→ **EXERCISE OBJECTIVE**:
Below is the data. Give it again, complete and exact.

→ **MATERIAL PROVIDED**:
*** Begin section ***

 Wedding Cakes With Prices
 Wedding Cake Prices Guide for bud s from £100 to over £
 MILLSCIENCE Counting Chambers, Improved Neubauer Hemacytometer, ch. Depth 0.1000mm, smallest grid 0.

*** End section ***

→ **ANSWER SECTION**:
 Wedding Cakes With Prices
 Wedding Cake Prices Guide for bud s from £100 to over £
 MILLSCIENCE Counting Chambers, Improved Neubauer Hemacytometer, ch. Depth 0.1000mm, smallest grid 0.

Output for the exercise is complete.